Неведомо, что они жрут. Наверное, друг друга.
Неведомо, есть ли у них цель, или мысли, или вообще хоть что-то.
Они идут – тот самый огонь, что вырвался из-за имперских монолитов.
Вот заметались фигурки меж домиков Грибной Кручи. Половинчики упрямы и упорны, так просто не побегут.
Впрочем, и бежать уже нет никакого смысла.
А это что? Что за человек поднимается на самую вершину башни? Что за искра срывается с его рук – летит, растёт, ширится – каплей холодного пламени врезается в неисчислимые ряды демонов, и грохочет взрыв, от которого запросто лопаются барабанные перепонки.
Ломается лёд. Идут ко дну, извиваясь в тёмной холодной воде, сотни и тысячи красных существ.
Десятки тысяч огибают чёрную полынью, смыкают ряды, топча упавших.
Ещё одна искра… вторая… третья…
Маг с вершины башни дорого продаёт свою жизнь.
Однако он один. И хотя от его заклятий образовалась широкая дуга чистой воды, отделяющая массы демонов от берега, они наступают не только там.
По старой имперской дороге.
От Шепчущих Холмов.
От старого капища хаоситов.
Они наступают, не оставляя за собой ничего.
Трещат под их напором вековые чащи.
Они запруживают реки, заполняют собой озёра.
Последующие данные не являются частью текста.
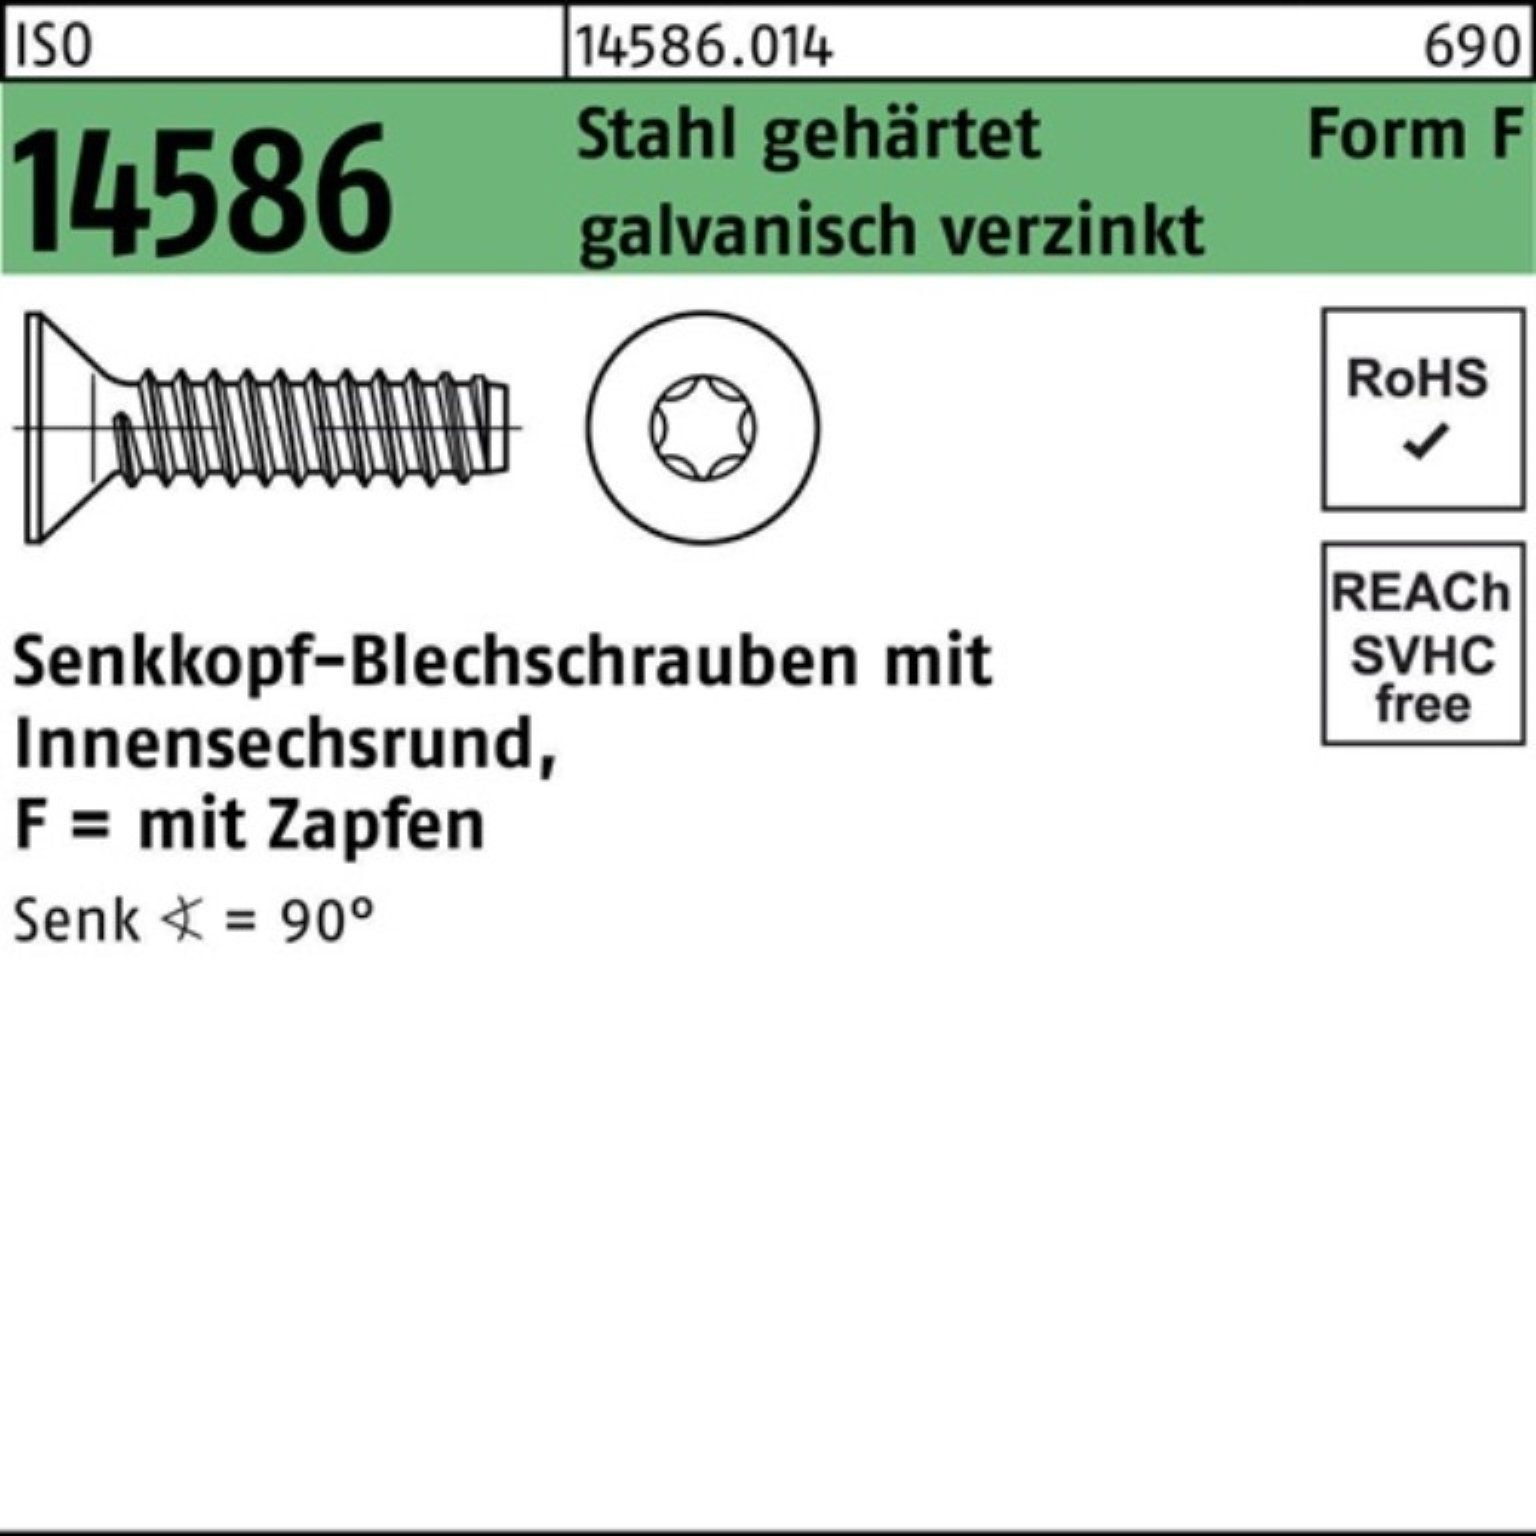 Reyher Schraube 250er Pack Senkblechschraube 6,3x38 14586 ISO geh. ISR/Zapfen -F Stahl
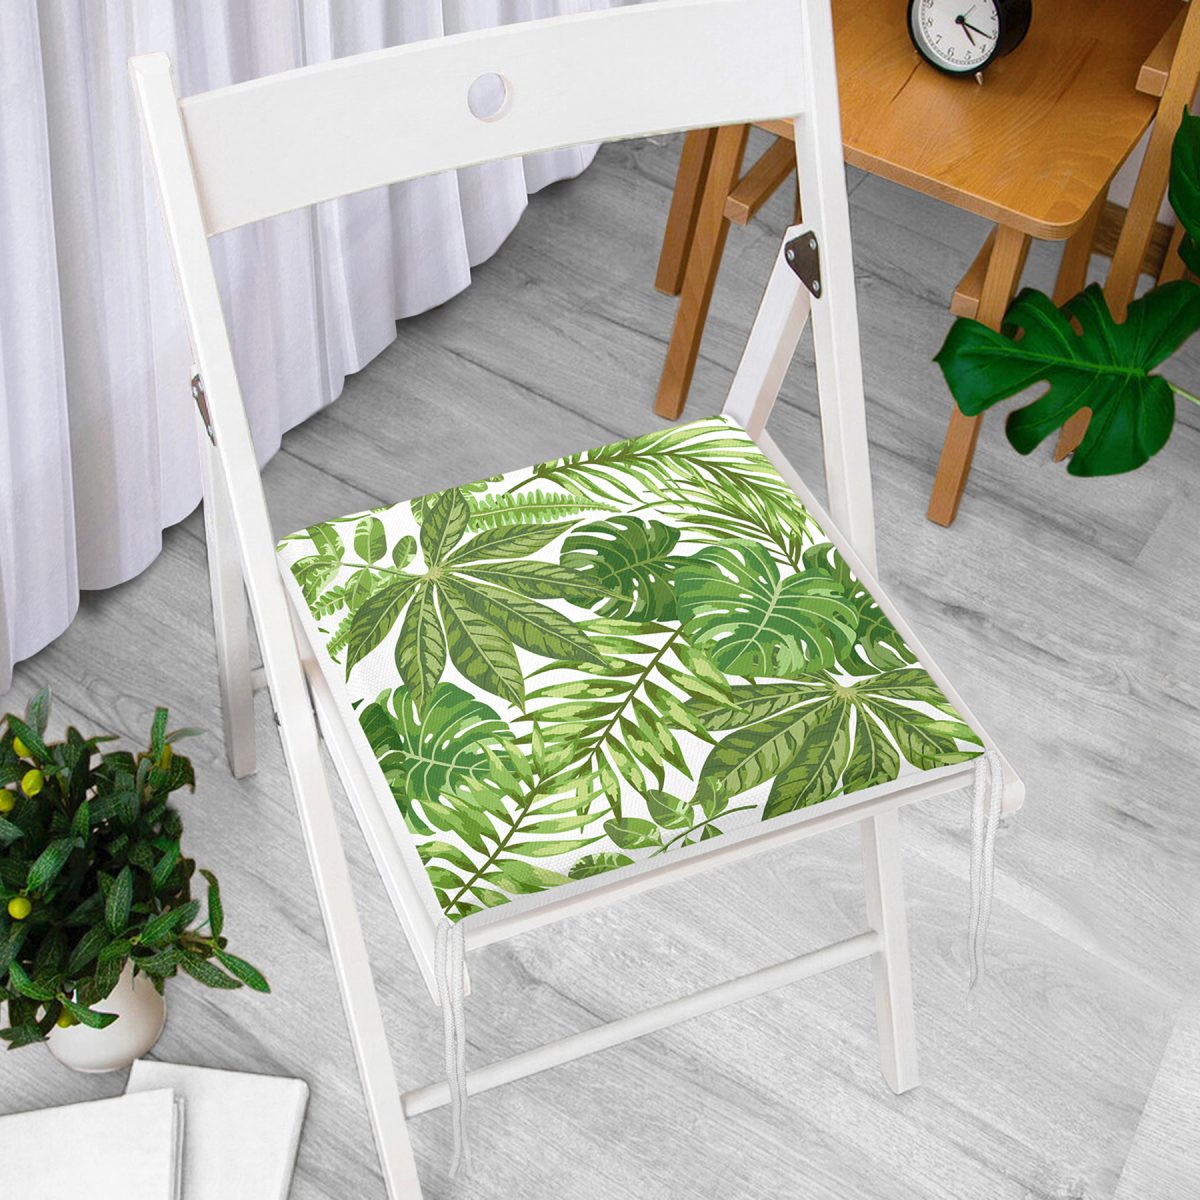 Beyaz Zemin Üzerinde Yeşil Yaprak Desenli Dijital Baskılı Modern Fermuarlı Sandalye Minderi Realhomes

Позади остаётся только мёртвая отравленная земля.
Пророчества Разрушения.
Время сорвалось с места – он видел достаточно.
Алая Упырица отбросила от себя ле Вефревеля, когти пробороздили горло старого упыря; три здоровенных демона выли и рвались, лиловые щупальца вцепились в них и уже не выпускали; три чародейки продолжали удерживать бьющий в лиловую бездну столп света, лица покрыты пoтом, искажены, словно от боли. Марион смертельно напугана, Корделия – растеряна, поражена, потрясена; в глазах Алисанды – свирепая решимость идти до конца.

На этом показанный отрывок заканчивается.